**Work order:** Leaving the pictures aside, transcribe the data below exactly.

**Input data:**
○ ○ ○

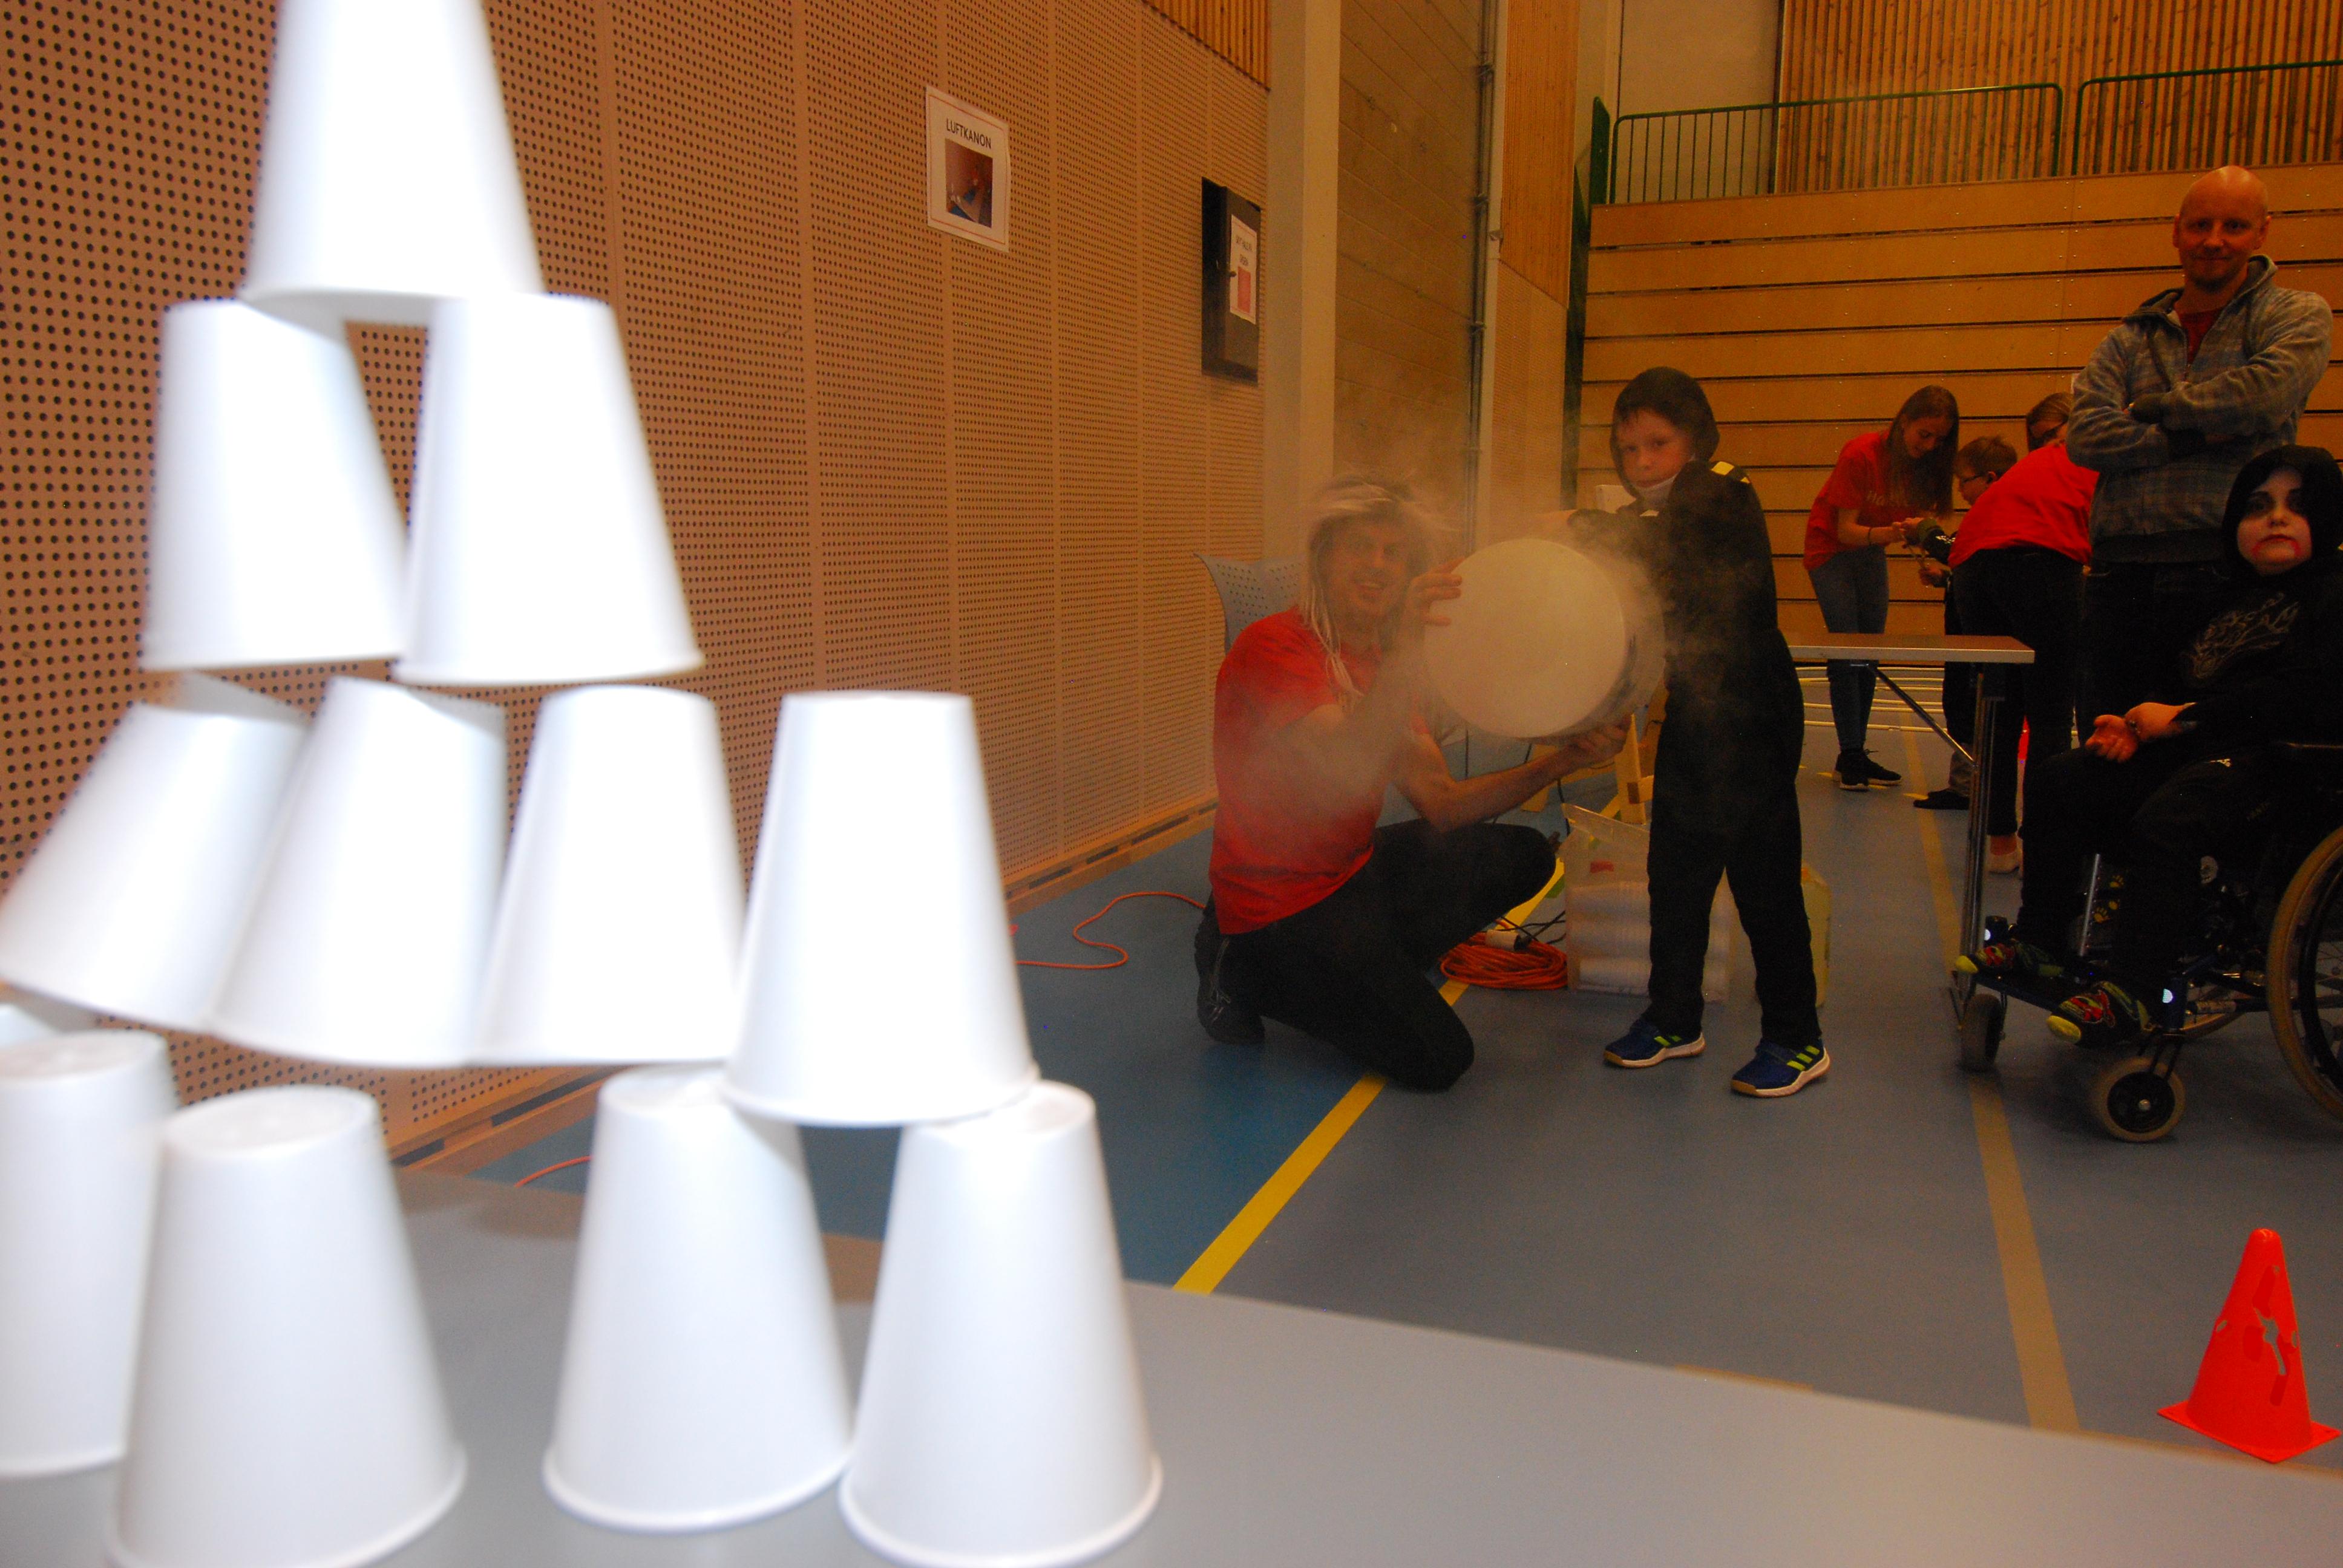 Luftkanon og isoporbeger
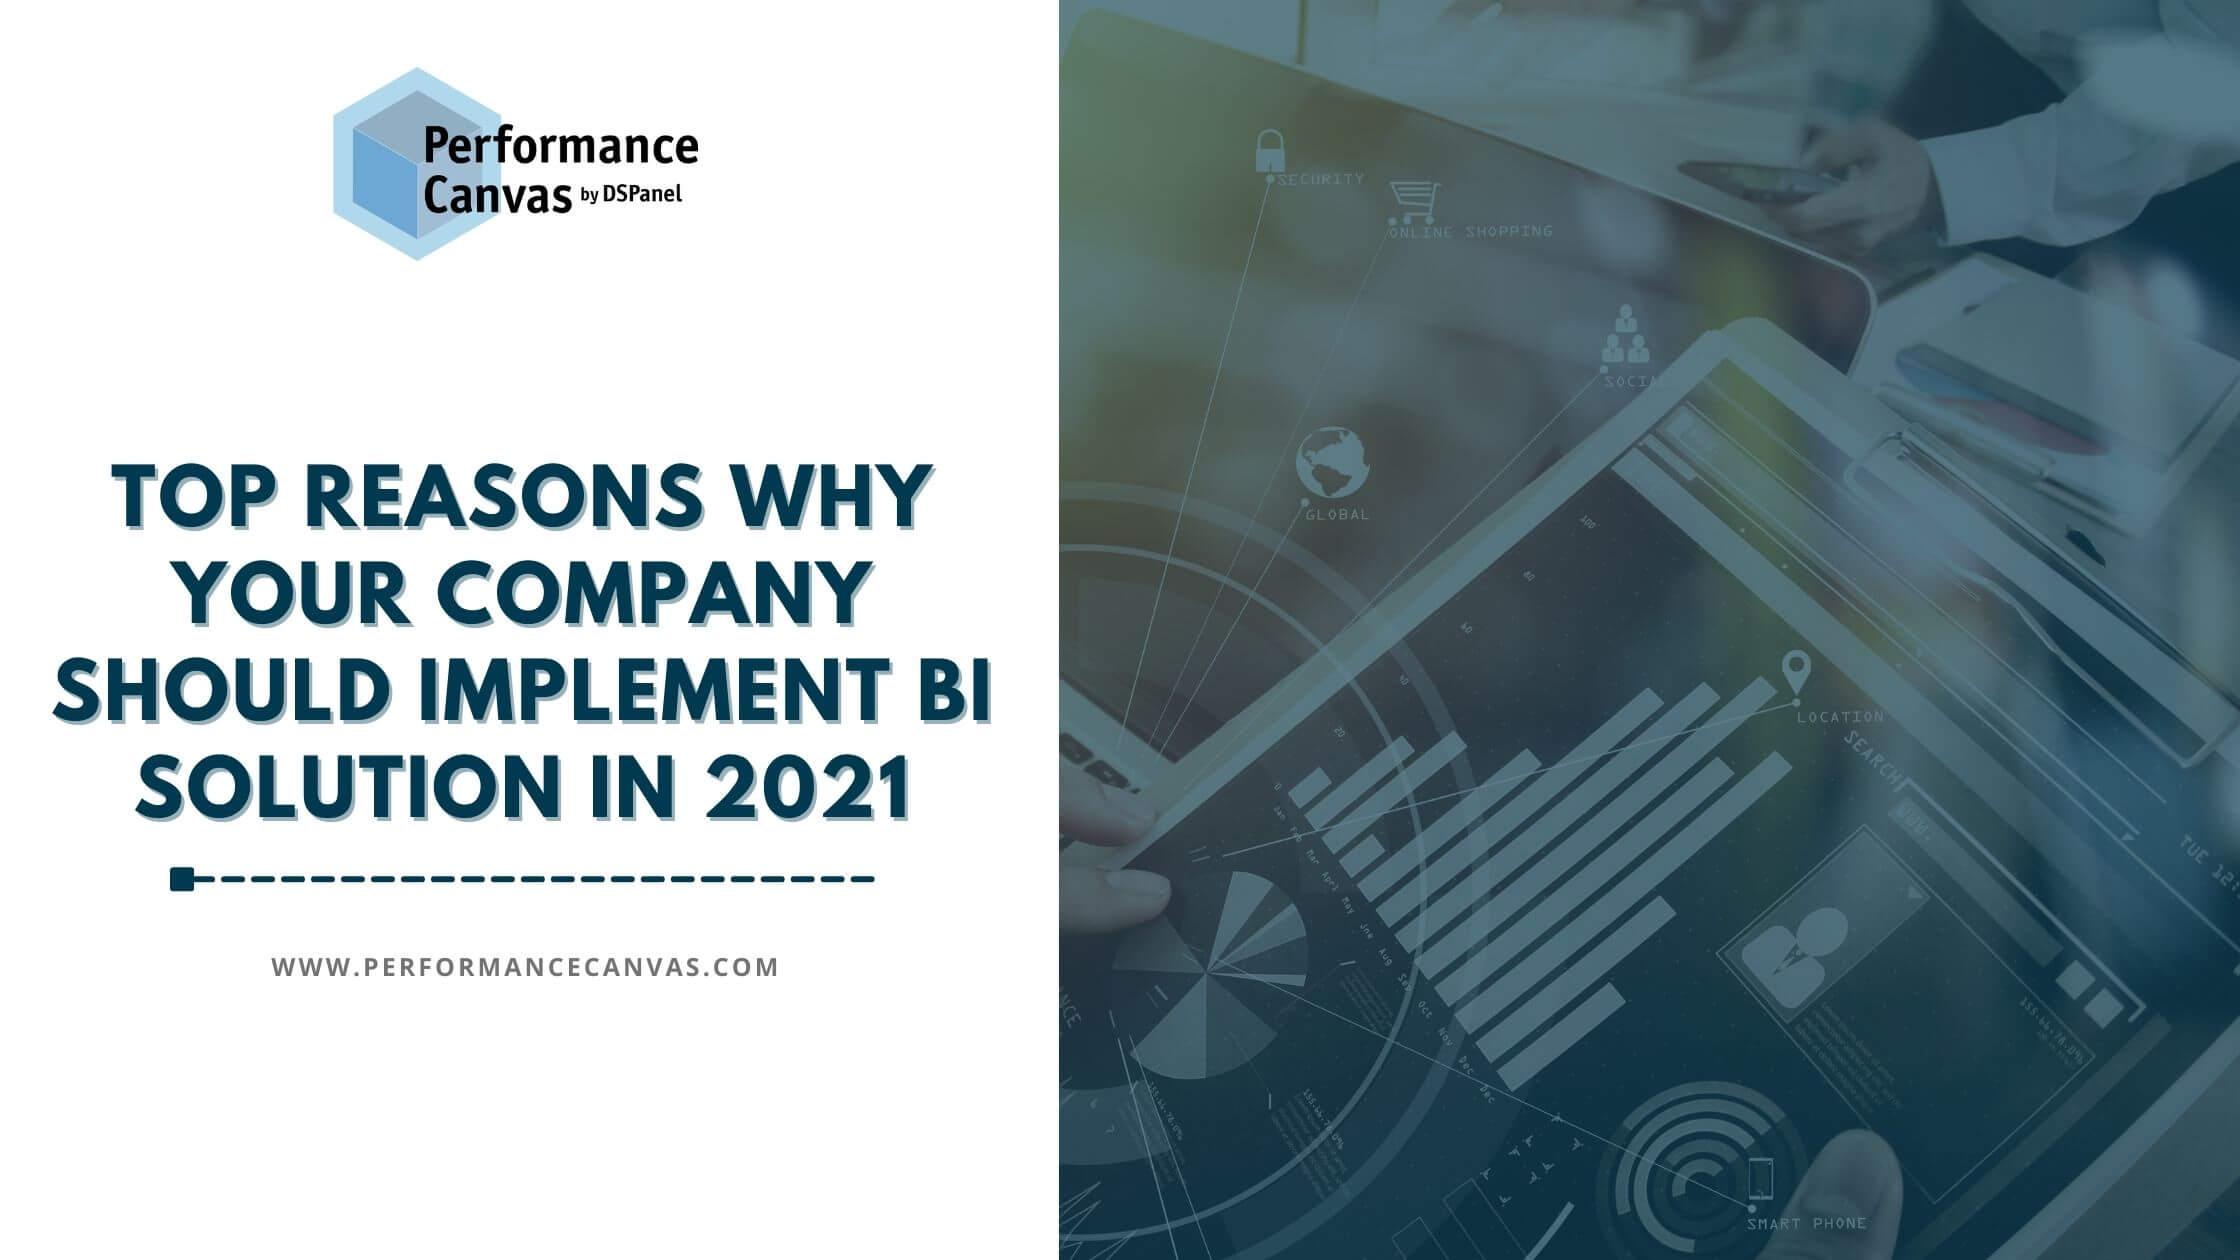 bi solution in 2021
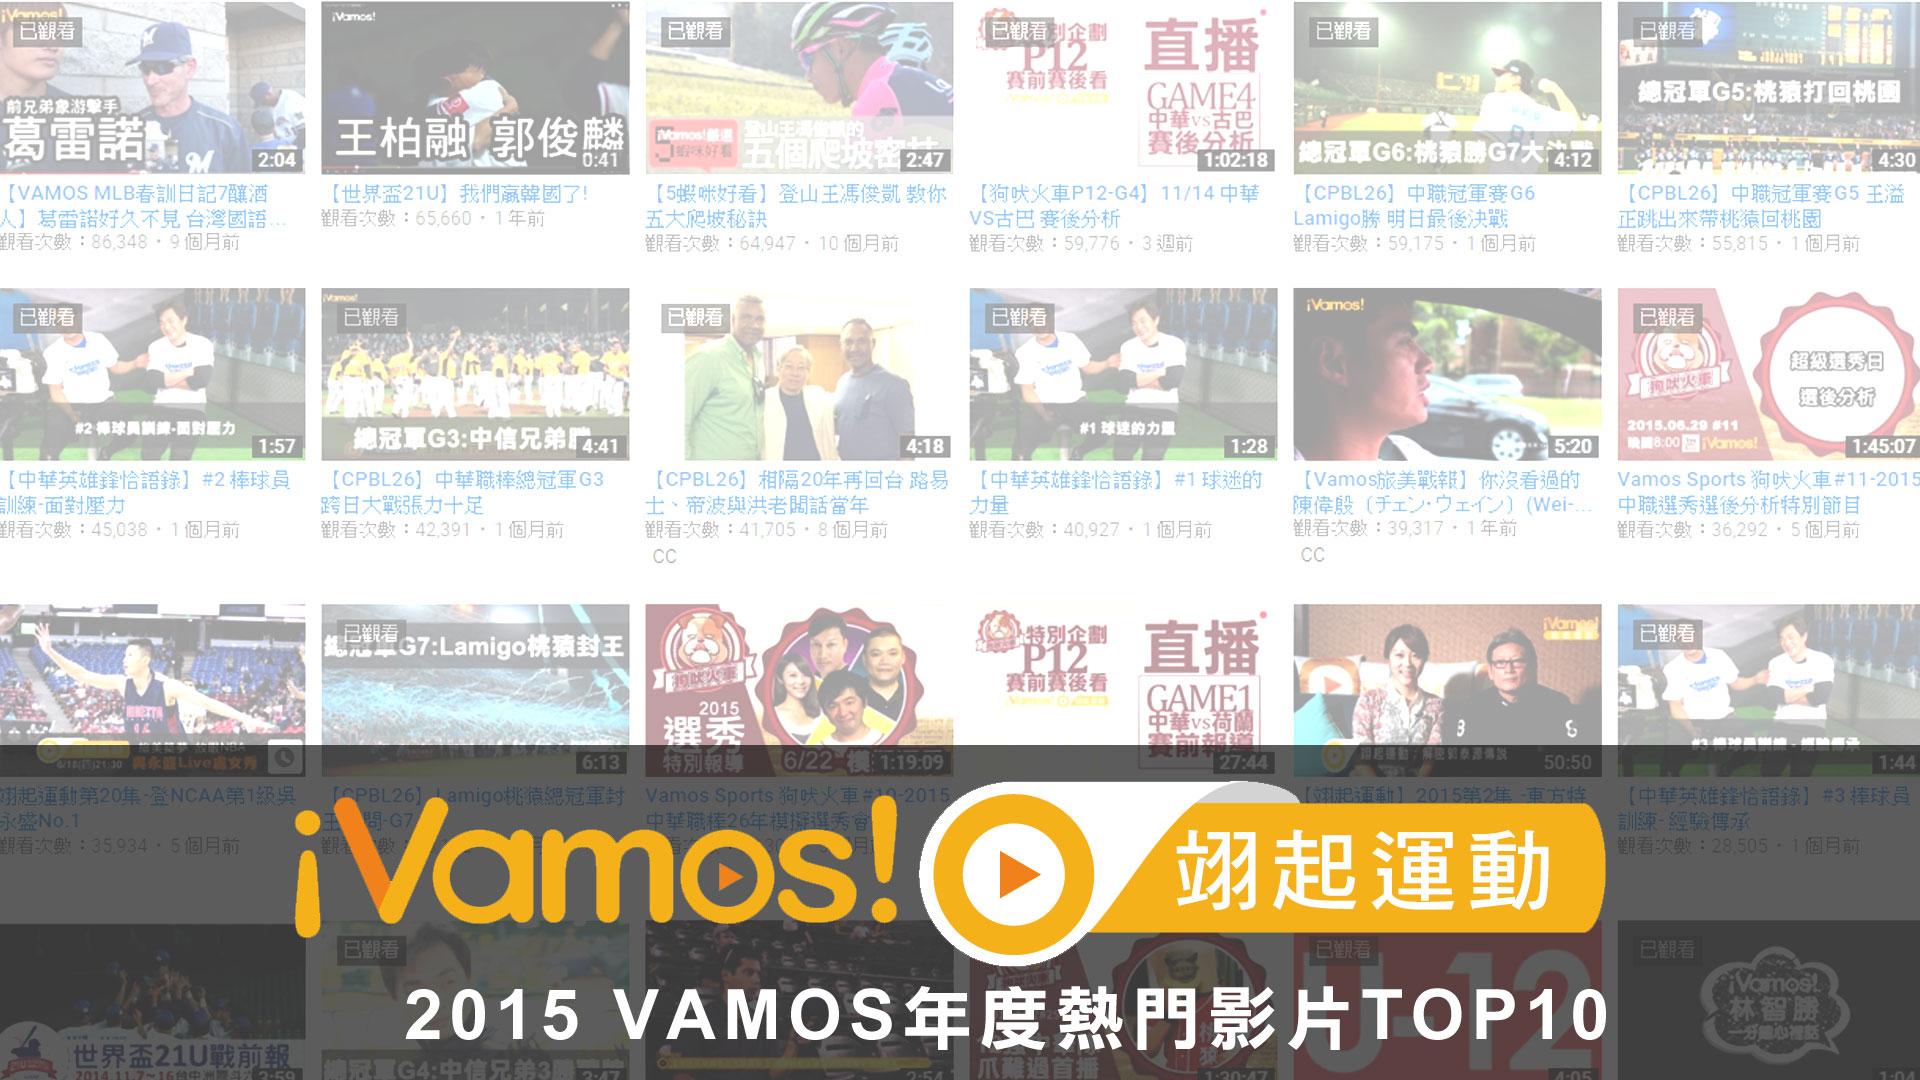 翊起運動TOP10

○ ○ ○

**Result of the exercise:**
 Luftkanon og isoporbeger
 bi solution in 2021
 翊起運動TOP10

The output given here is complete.